The article is the publishing script?

Table of Contents

I used to have a pretty standard Jekyll theme as this web page. I'd hacked on it a bit and added support for Org Mode being the Emacs user I am, but after getting it up and running I promptly lost interest. Will the same thing happen to this page? Yeah probably. Either way, lectures just ended for another semester and I got a spur of motivation to get something going again. Specifically to try out Pollen. Which describes itself as

[…] a publishing system that helps authors make functional and beautiful digital books.

At the core of Pollen is an argument:

— Matthew Butterick, Pollen: the book is a program

While it clearly states that it's for digital books, it targets HTML and looked pretty cool so I gave it a shot. If you've seen the bottom of this page you may notice it was created with org-mode, so clearly, the pollen attempt didn't make it. While it's a very cool system, I had issues with the export behaving oddly, paragraph tags were showing up where they shouldn't have and it became difficult to fine-tune the export, despite having immense control of the output with the pollen markup format. As a templating system, the pollen preprocessor could be quite nice. I can see being able to inject arbitrary Racket code into anything text-based as something somebody needs for some reason.

1. So what's so special about this?

Well not much. I've used a lot of org-mode in the past and even attempted to do this once before. It's quite a nice markup language, I've personally used it for organising notes, managing TODO lists, planning projects, writing assignments, scheduling, agenda views, tagging, and exporting to various formats. It also supports literate programming, tables, and extensive customisation with Emacs Lisp. The literate programming has been quite useful for assignments that require lots of in-document code and outputs.

One thing that org-mode has that I think markdown and other variants lack is the extensibility. Don't get me wrong, there are a ton of tools that can process markdown and spit out something useful that is plenty configurable. But org-mode is first and foremost a part of Emacs. That means it comes with Emac's extensibility, which, in my opinion, is lightyears beyond anything else. And something that I'll talk more about later on this page.

2. org-export and org-publish

My lecturers certainly aren't interested in reading my assignments in a plain-text markup language almost exclusively supported by a text editor first released in 1985. Fortunately, org-mode has excellent support exporting documents to other formats including HTML, and \(\LaTeX\). On top of this org-publish adds support for processes a set of files, potentiality exporting, and publishing them. These systems are highly configurable and featureful.

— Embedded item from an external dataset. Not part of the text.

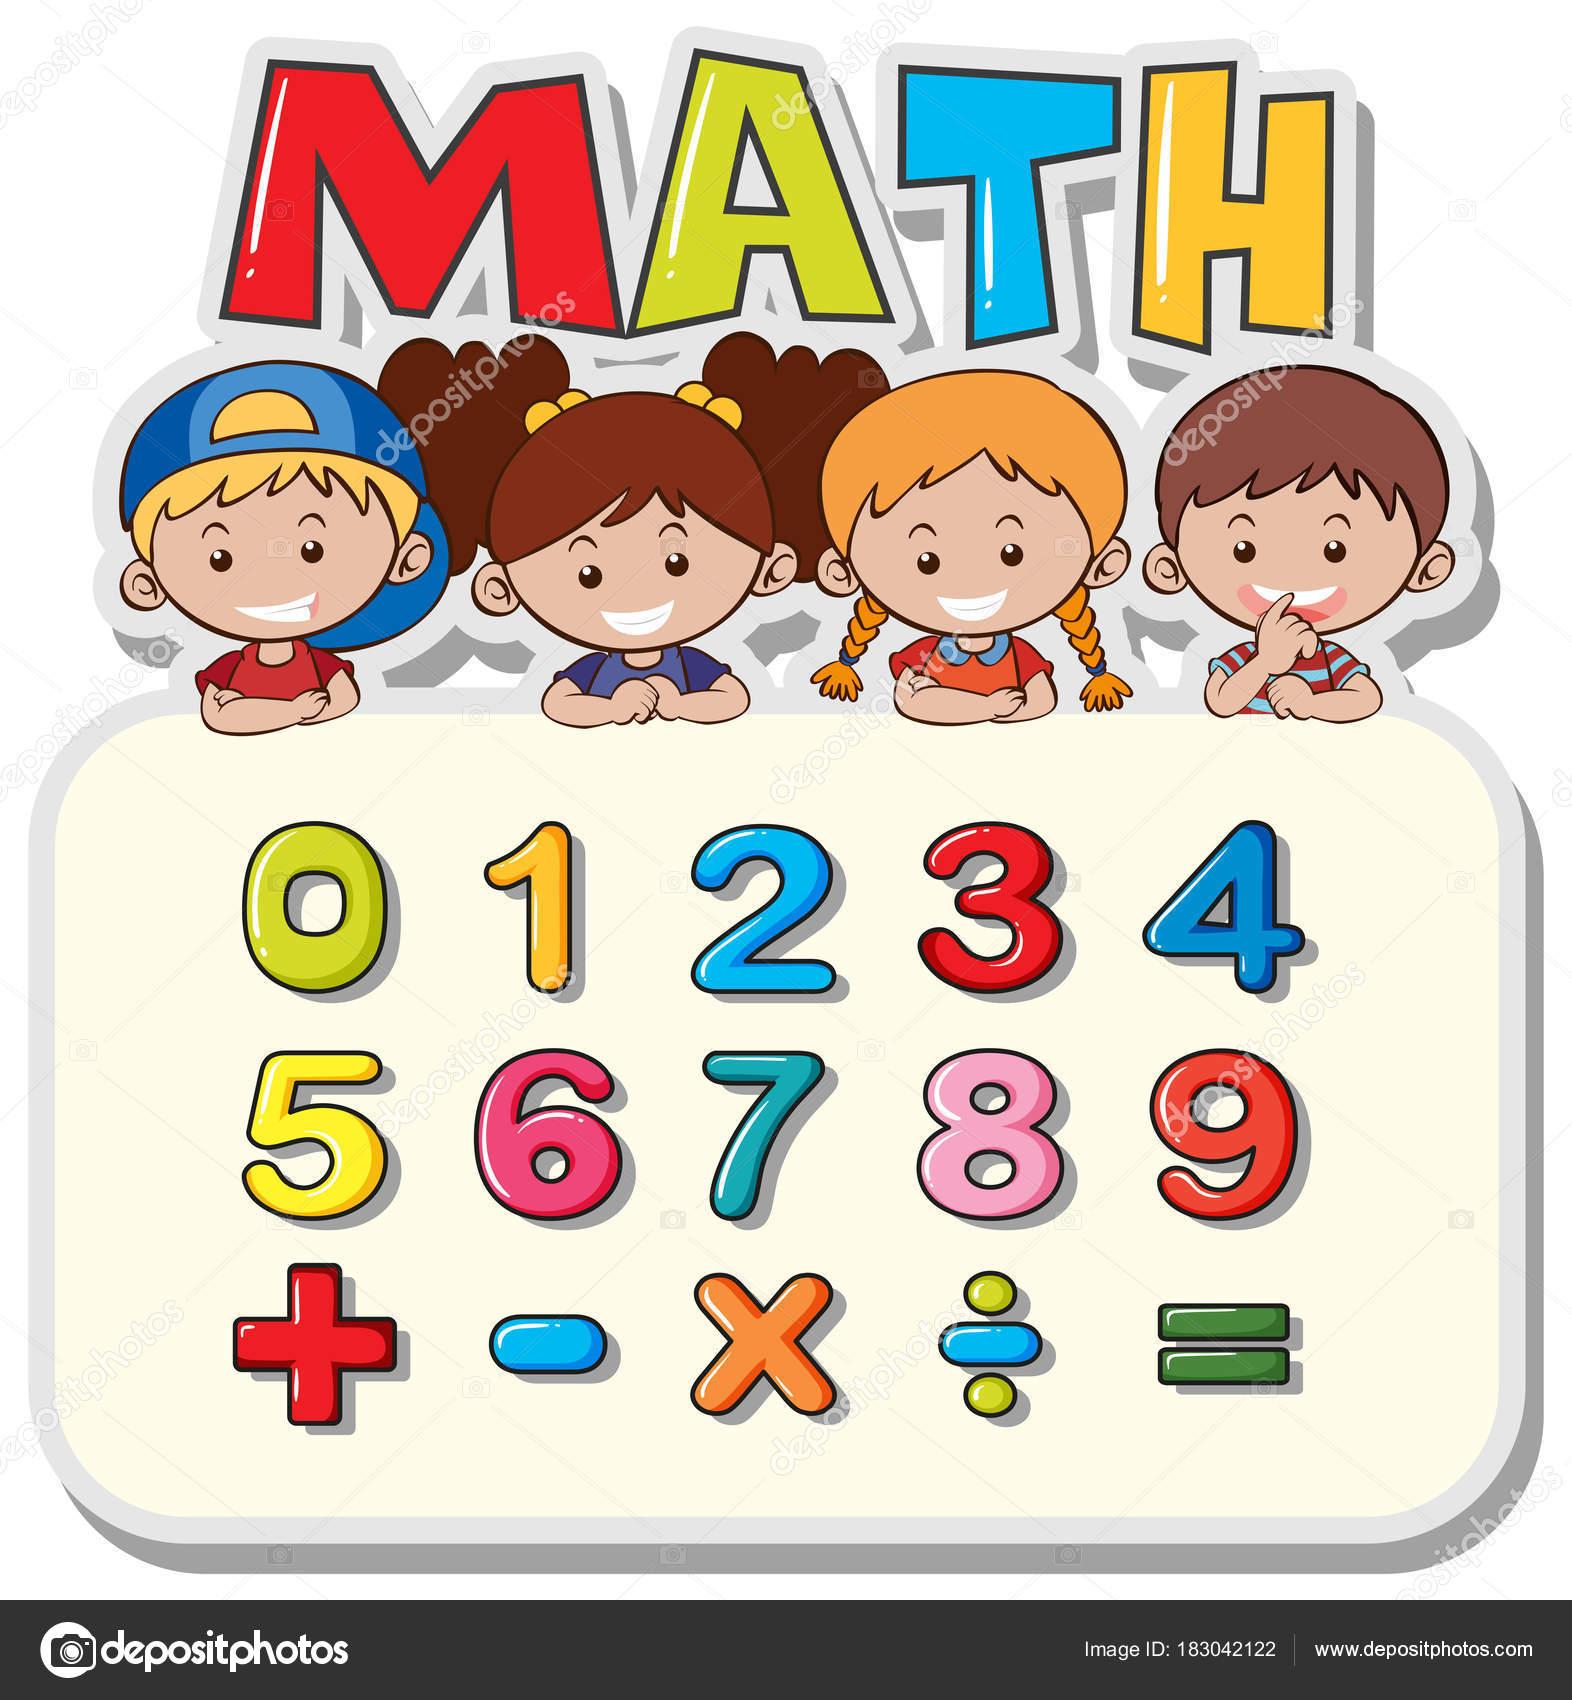 Mathe Arbeitsblatt mit Kindern und Zahlen — Stockvektor ...

All pages here (including the mono-page) are generated from a set of .org files, published via the org-html-publish-to-html function, smeared with a little CSS that isn't mine, then thrown up on a page. All in all it was about an evening's work to learn how the org-publish system worked, experiment, and polish to just what I had in mind.

3. What about the so-called publishing script being an article?

Yeah, so this article isn't really the publishing script. Specifically the file is tangled to publish.el, which is then executed. Tangling is the process of extracting source code from a document expanding, merging, and transforming it. Org then recomposes them into one or more separate files.

But it didn't use to be like that. To bootstrap the page I wrote a bog-standard .el file that could be loaded and executed from the command line to publish the page during testing,

emacs -Q --batch -l publish.el --funcall publish

During the writing of this article, I'm moving everything into here. Then I'll be able to

emacs -Q --batch -l org -f org-babel-tangle -l publish.el --eval '(org-publish "site" t)'

which isn't much of a change to be fair, but it's the principle that matters.

4. The meat of it

4.1. Setup, packages, and variables

First, we'll do some house keeping, I don't want these packages in my main init.el, so we'll move the package directory and require the built-in things I'll need.

(defvar base-directory (expand-file-name "~/Projects/"))
(defvar public-directory (file-name-concat base-directory "docs"))

(mkdir public-directory t)

(require 'package)
(setq package-user-dir (file-name-concat base-directory ".packages"))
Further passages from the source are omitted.